Der Fachkräftemangel ist und bleibt ein großes Problem für die deutsche Wirtschaft. Dennoch gibt es im Bausektor durchaus Positives zu berichten, denn unter den Bauingenieuren wächst die Zahl der Berufseinsteiger endlich wieder. Im gewerblichen Bereich der Bauwirtschaft ist die Entwicklung zwar immer noch zurückhaltend, dennoch aber nicht gänzlich ohne Hoffnung.
Der demografische Wandel und seine Folgen haben Deutschland noch immer fest im Griff. Jedoch zeichnet sich in der deutschen Bauwirtschaft endlich ein wenig Entspannung ab, denn vor allem bei den Bauingenieuren gibt es wieder einen Anstieg der Nachwuchskräfte. Dies bestätigt auch der Branchenbericht „Der Arbeitsmarkt im Bausektor“, den der Hauptverband der Deutschen Bauindustrie e.V. zusammen mit dem Institut für Arbeitsmarkt- und Berufsforschung (IAB) sowie der Bundesagentur für Arbeit (BA) schon zum dritten Mal erstellt hat. Hieraus geht hervor, dass 17.500 Studienanfänger im Bauingenieurwesen seit dem Jahr 2011 einen echten Höchststand aufweisen, somit also seit dem Jahr 2006 die größte Zuwachsrate hat.
Noch im Jahr 2008 war die Quote der Absolventen eines Bauingenieurwesen-Studiengangs auf dem Tiefpunkt, ging aber von da an schrittweise wieder nach oben. Nur drei Jahre später dann der Höchststand. Das ist erfreulich und zeigt, wie attraktiv die Bauwirtschaft für junge Menschen doch immer noch ist. Die Zahlen stellen aber auch klar, dass sich die Mehrheit der Absolventen erst nach dem Masterstudiengang für einen Berufseinstieg entscheiden. Beeindruckend ist darüber hinaus, dass viele Studieneinsteiger offenbar schon zu Beginn die Flinte ins Korn werfen. So ist die Abbruchquote nämlich über dem Durchschnitt angesiedelt. Vorstellung und Realität klaffen demnach wohl allzu oft auseinander. Auch hier gilt es also ein Umdenken zu erreichen und die jungen Menschen besser auf den Studiengang vorzubereiten.

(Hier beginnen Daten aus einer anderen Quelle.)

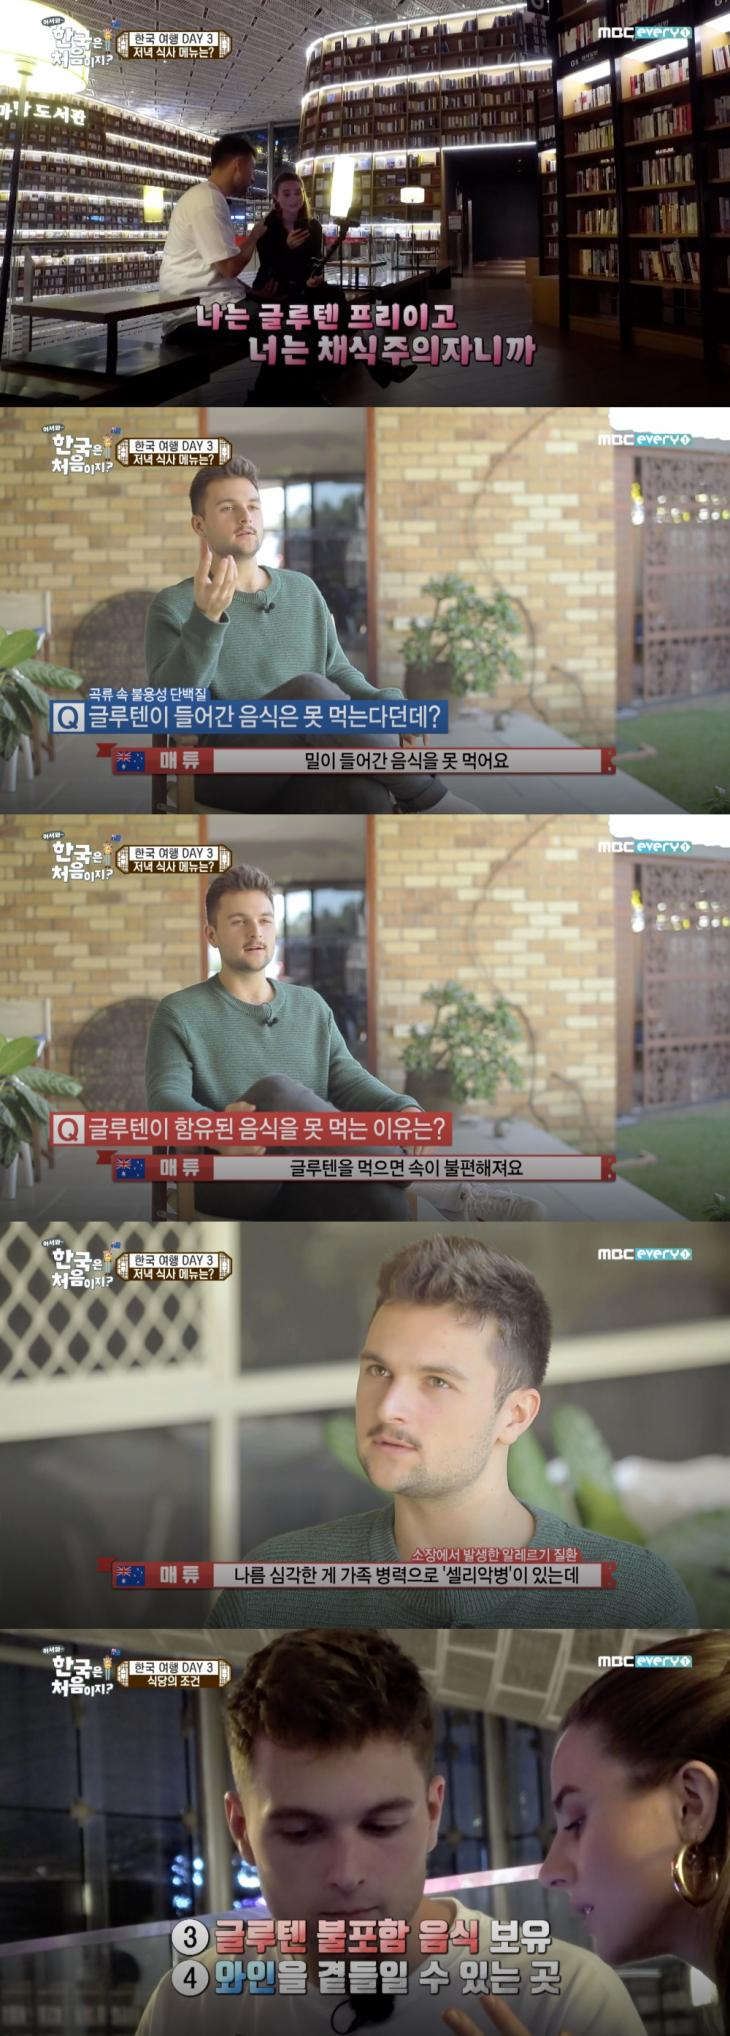 MBC 에브리원 '어서와 한국은 처음이지' 방송 캡처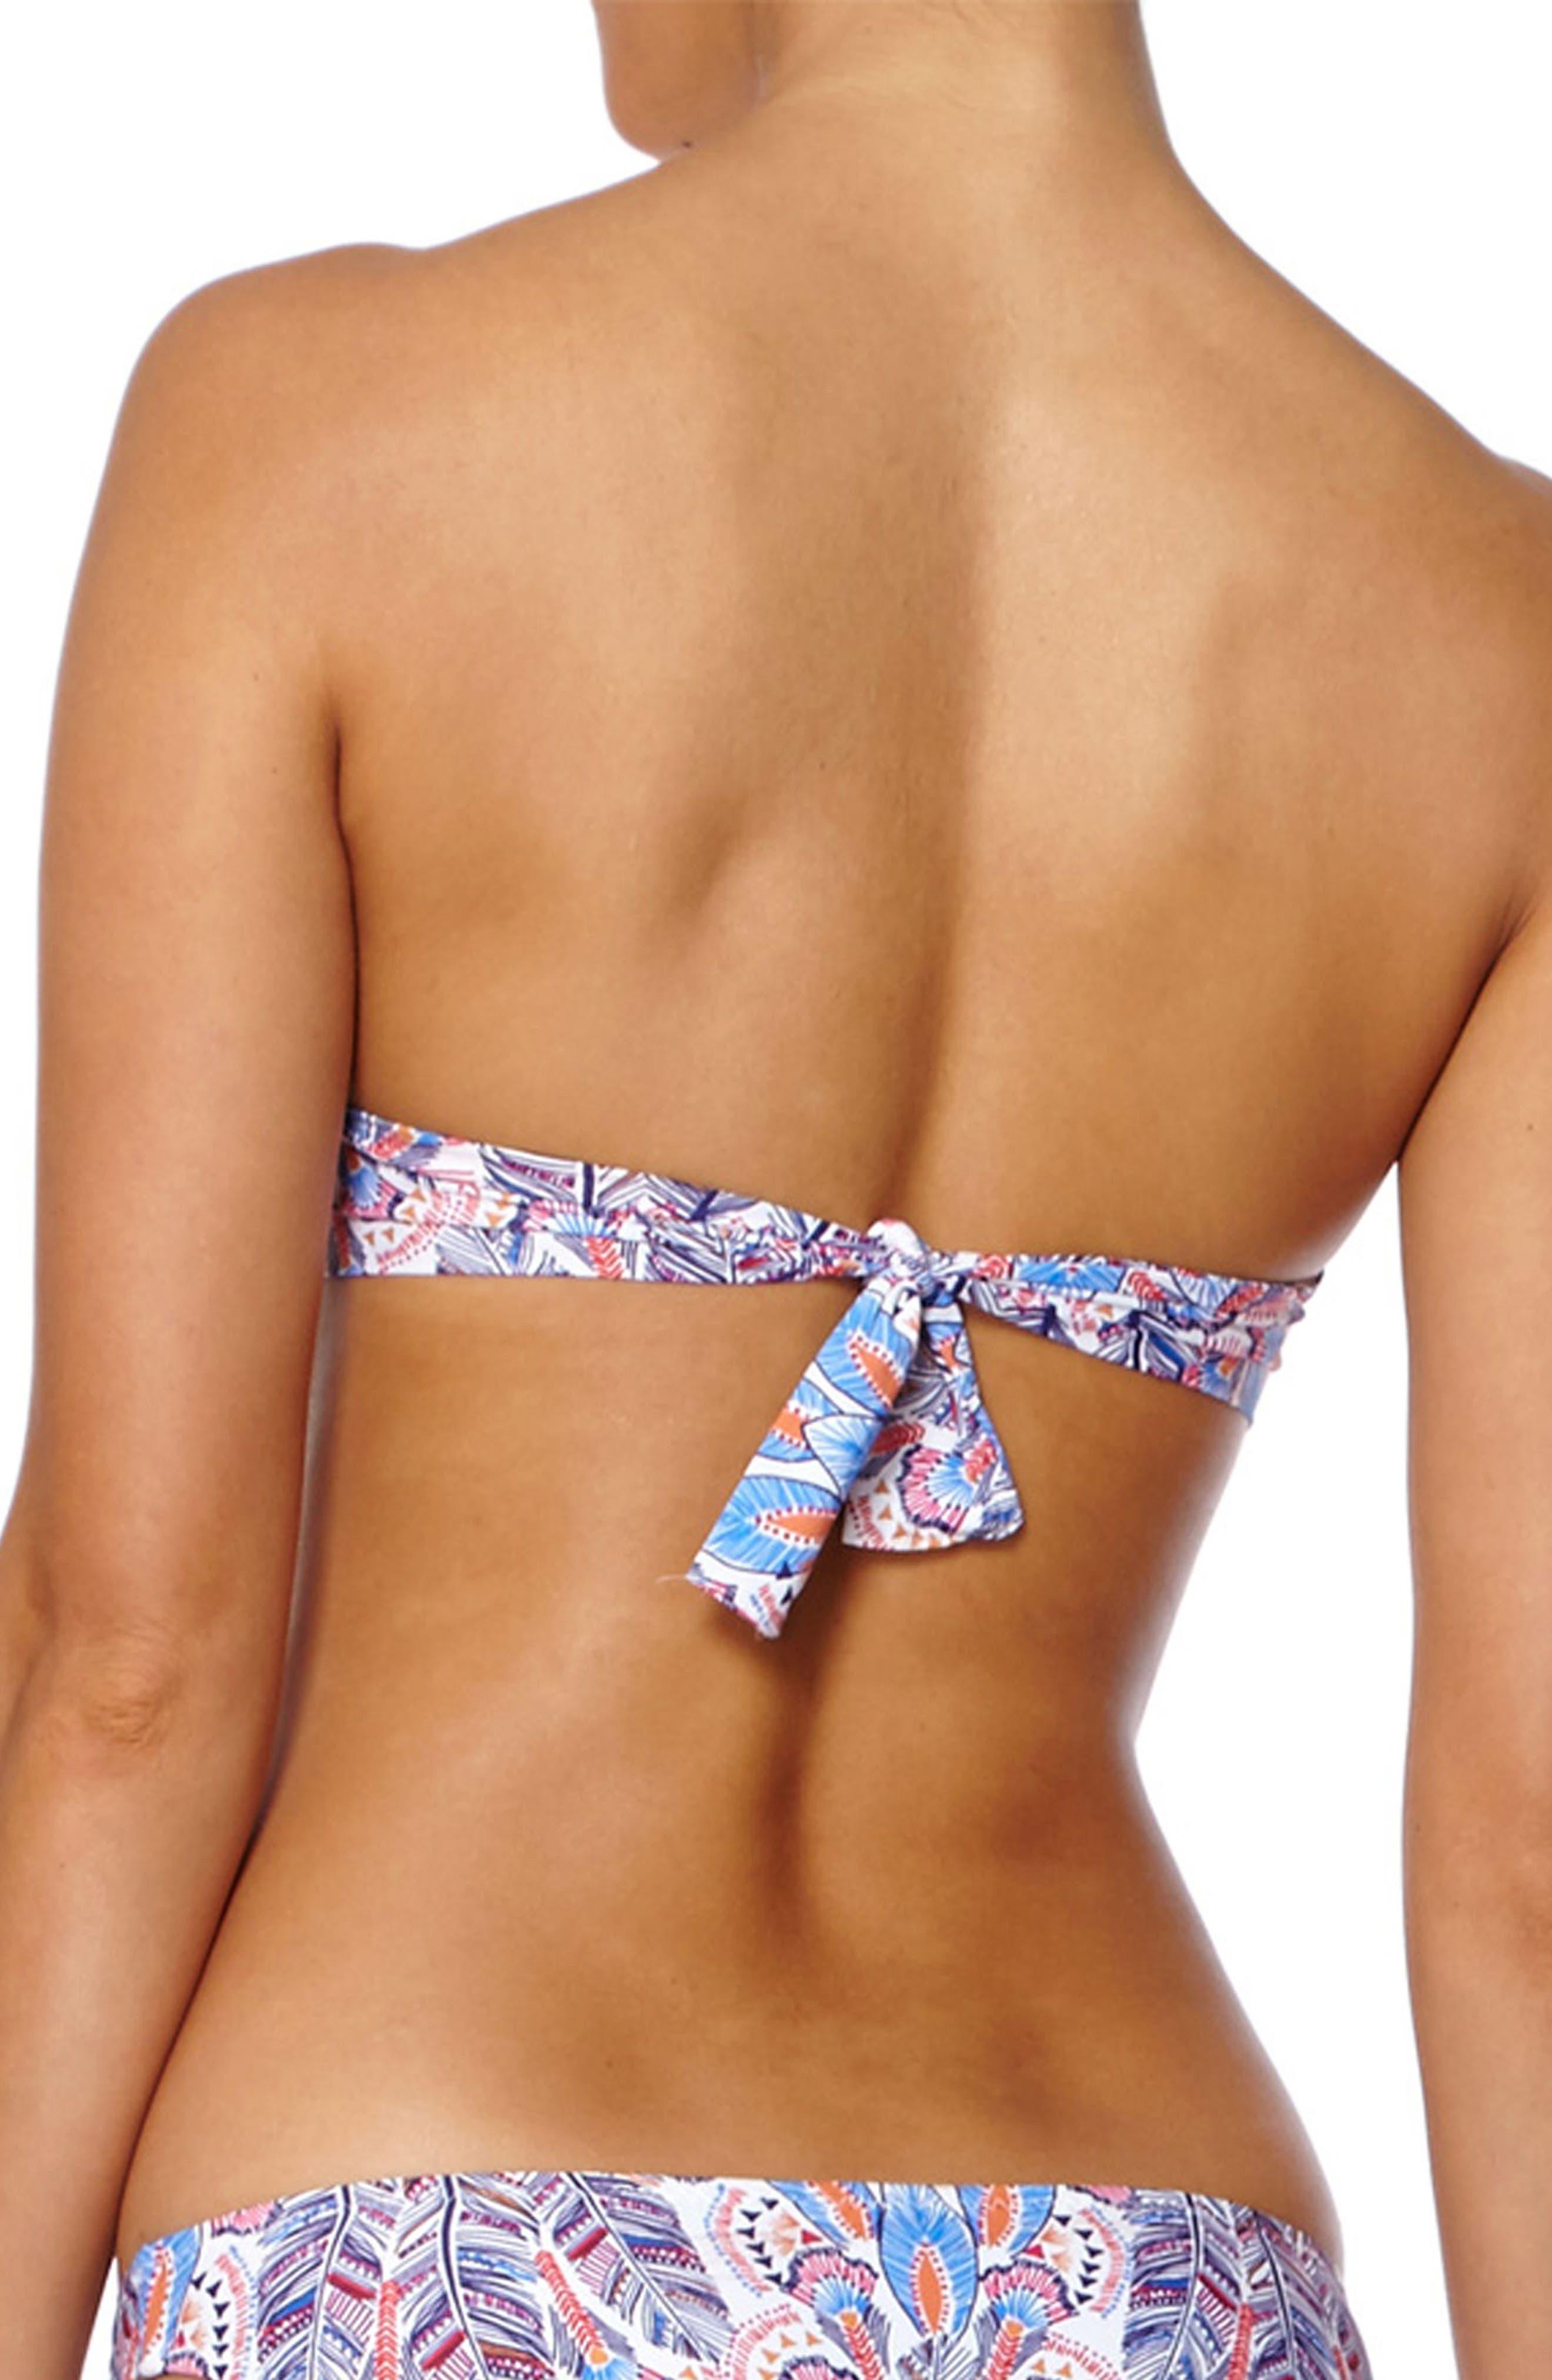 Martinique Bandeau Bikini Top,                             Alternate thumbnail 2, color,                             FEATHERS

Auch dem gewerblichen Bereich der Bauwirtschaft hat sich der Branchenbericht gewidmet. So ist hier bereits seit dem Jahr 2005 eine Stabilisation der Beschäftigten zu erkennen. Dennoch sind die Beschäftigten im Gros einfach schon zu alt, zu wenig Junge kommen nach. Hier gilt es in Zukunft noch stärker anzusetzen, junge Menschen für den Beruf im Bauhandwerk zu begeistern und damit für den eigenen Betrieb zu gewinnen.